Ils continuèrent pendant presque une heure à suivre le flux grossissant de navires : ils étaient à la traine, se faisaient doubler par nombre de vaisseaux. On les faisait voler lentement, au point que les passagers commencèrent à se plaindre sur le thème de :
"mais qu’est ce qui arrive à cette guimbarde pourrie ? On se traine !"Ils contournèrent un dernier groupe d’astéroïde dont certains étaient visiblement des résidences privées.
Sous un champ de force plat, posé au dessus d’un cratère d’astéroïde de plus de 4 km une forêt tropicale s’épanouissait.
La vue aérienne qui leur était offerte permettait de voir la canopée des grands arbres et au sein d’une minuscule clairière un bâtiment sur pilotis en bois. Une sorte de relais de chasse néocolonial.
Nul être pensant n’était visible, mais ils purent entrapercevoir une ombre verte, reptilienne, de grande taille disparaître entre deux buissons. Une vision fugitive, éclipsée par ce qui se révéla à leurs yeux.
Tortuga ! Enfin ! Tortuga.
Un énorme patatoïde faisant 1870 Km de longueur et 786 km de diamètre, constellé à sa surface gris sale de lumières artificielles, bunkers, champs de force, batteries d’armes et d’autres installations à la fonction inconnue.
Ils tournaillèrent lentement et entrèrent dans une ronde de navires en attente. Il y avait là des centaines de navires, faiblement éclairés par l’étoile bleue lointaine, qui attendaient leur tour de rentrer ou de sortir de port des ombres.

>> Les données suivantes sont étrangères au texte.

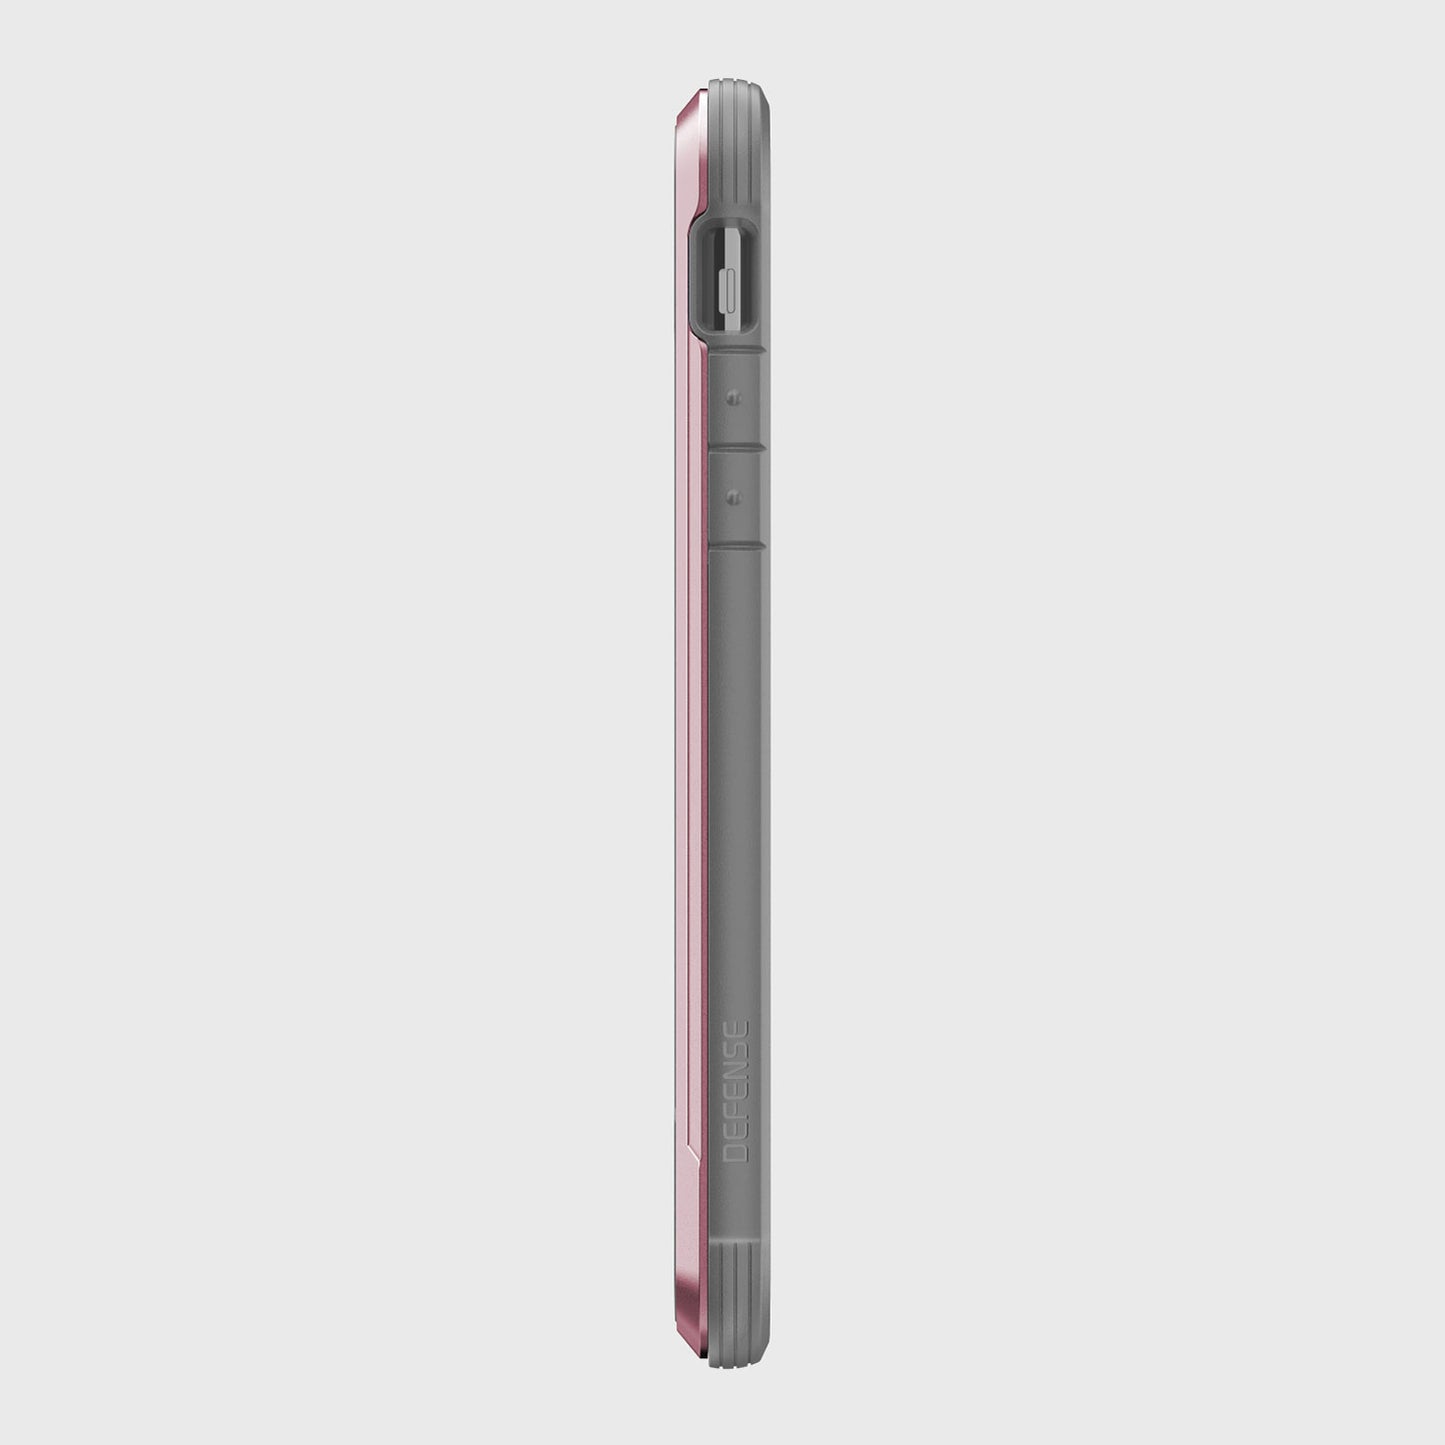 iPhone 11 Pro Max Case - SHIELD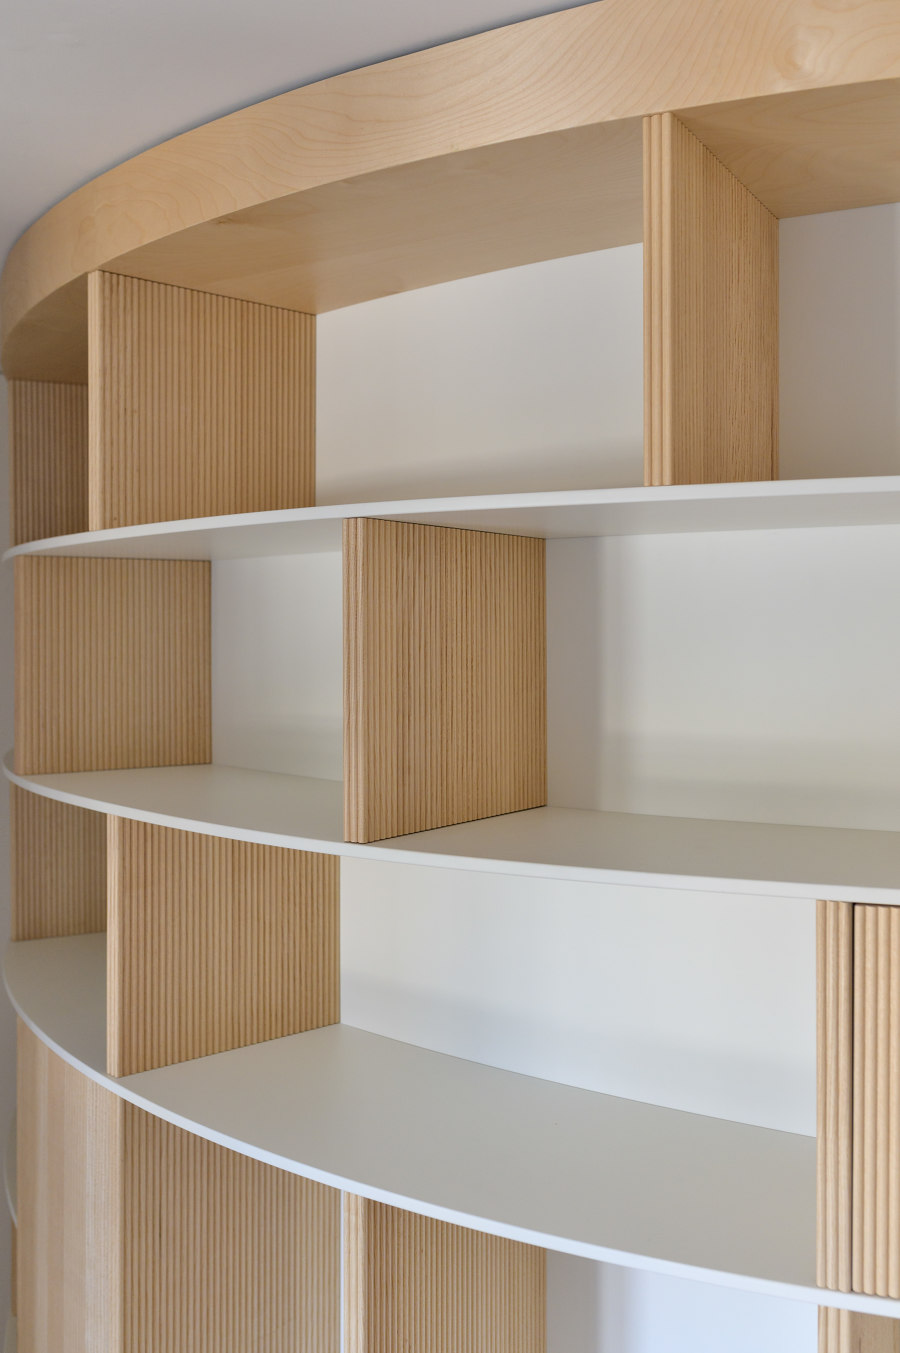 Apartment with a Library de Olbos Studio | Pièces d'habitation

[PORT DES OMBRES]Une cavité qui s’ouvrait à l’extrémité de l’axe de rotation de Tortuga. Une orbite creuse, morte, l’œil d’un cyclope décédé depuis longtemps, qui luisait sous son champ de force de la lueur moribonde d’une ville grouillante et sombre.
Ils attendaient leur tour … quand le contrôle d’approche les contacta :
"Méphisto : un rapport vient de nous être transmis, nous indiquant que vous représentez potentiellement une source de contamination biologique pour nos installations. Nous vous dirigeons vers une orbite d’attente. Une équipe médicale va monter à votre bord, puis nous vous dirigerons vers un hangar d’isolement sanitaire. Merci d’avertir vos passagers, votre équipage et de vous tenir prêt. Contrôle d’approche de Port des Ombres terminé."